Tchad : démenti officiel contre les accusations de déstabilisation en Afrique centrale

Le porte-parole du ministère tchadien des Affaires étrangères, Ibrahim Adam Mahamat, a vivement réagi ce week-end pour nier avec force les accusations de préparation d’une opération visant à « déstabiliser la République centrafricaine ». Ces allégations, portées contre le pouvoir de N’Djamena, sont jugées infondées et qualifiées de manœuvres destinées à nuire à l’image du Tchad.

Une diplomatie tchadienne sous le feu des critiques

Selon le ministère, ces accusations s’inscrivent dans une campagne de désinformation visant à discréditer le Tchad et à fragiliser ses relations diplomatiques avec son voisin, la République centrafricaine. Une position fermement condamnée par les autorités tchadiennes, qui appellent à la responsabilité des auteurs de ces rumeurs et invitent les médias ainsi que les utilisateurs des réseaux sociaux à s’appuyer exclusivement sur des faits avérés.

Un démenti catégorique

Le Tchad a réaffirmé, sans ambiguïté, qu’il « n’a jamais été, n’est pas et ne sera jamais impliqué dans une quelconque entreprise de déstabilisation dirigée contre un pays frère ». Cette déclaration solennelle émane du Département des Affaires étrangères, soulignant ainsi la fermeté de la position tchadienne face à ces allégations infondées.

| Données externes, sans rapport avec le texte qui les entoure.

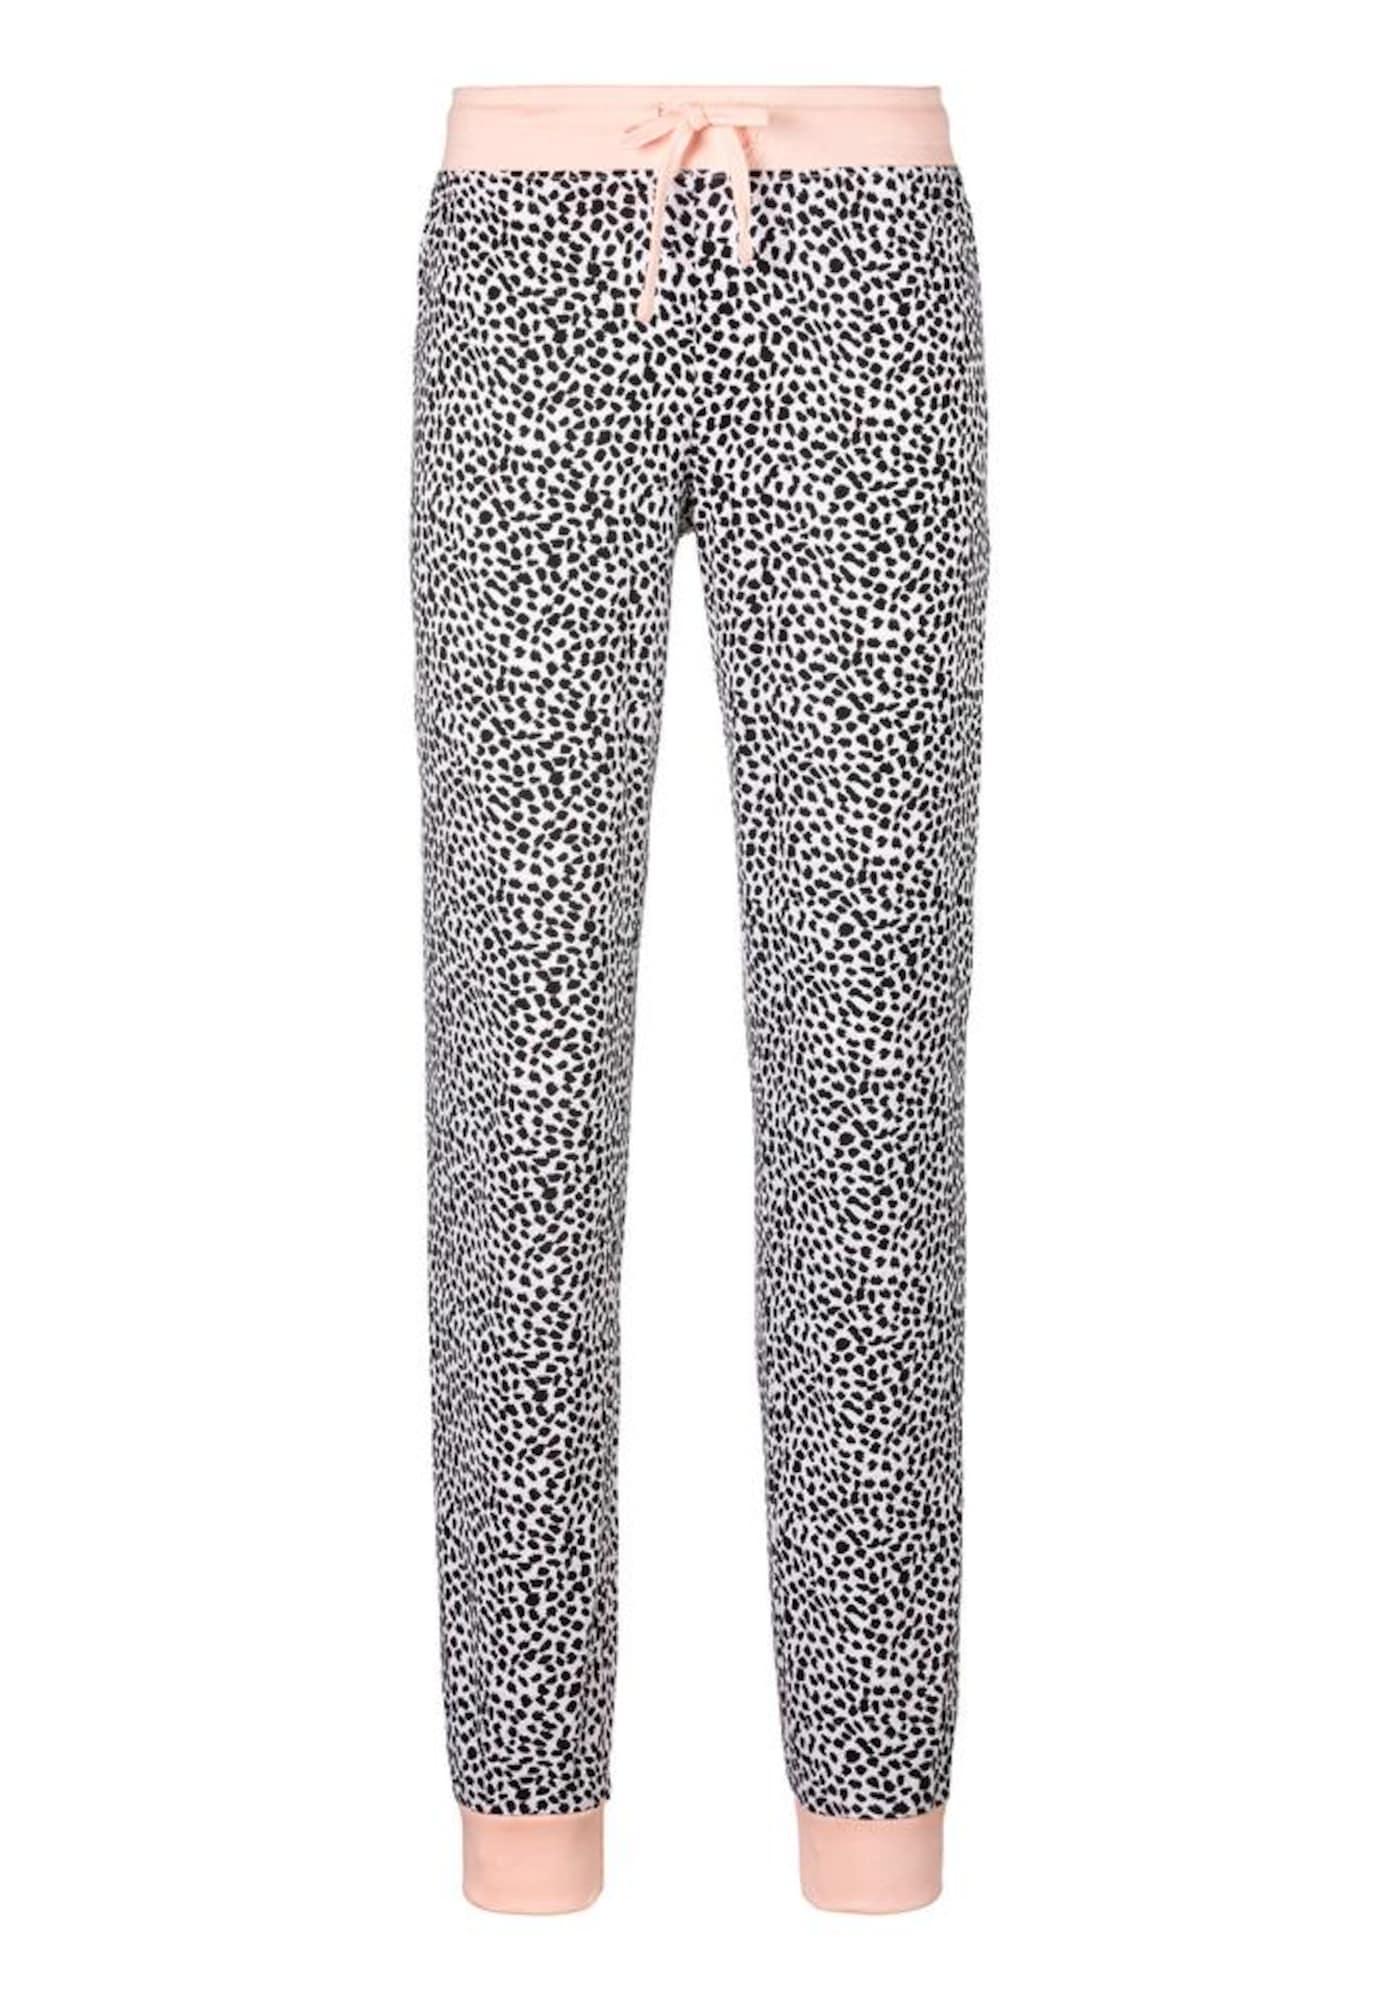 VIVANCE Pantalon de pyjama  - Noir - Taille: XXS-XS - female

Le chef de l’État, Mahamat Idriss Déby Itno, accorde une importance capitale au respect de la souveraineté, de l’intégrité territoriale et du principe de non-ingérence. Pour le Tchad, la stabilité de toute la sous-région est indissociable de la sienne propre, un argument central dans sa défense face à ces accusations récurrentes.

Un pays souvent visé par des accusations infondées

Depuis plusieurs années, le Tchad est régulièrement pointé du doigt par certains États d’Afrique centrale et d’Afrique de l’Est, qui lui reprochent des actions subversives en faveur de divers groupes armés à l’étranger. Parmi ces accusations, celles visant les Forces de soutien rapides (FSR), engagées dans un conflit contre l’Armée soudanaise depuis le 15 avril 2023, reviennent fréquemment.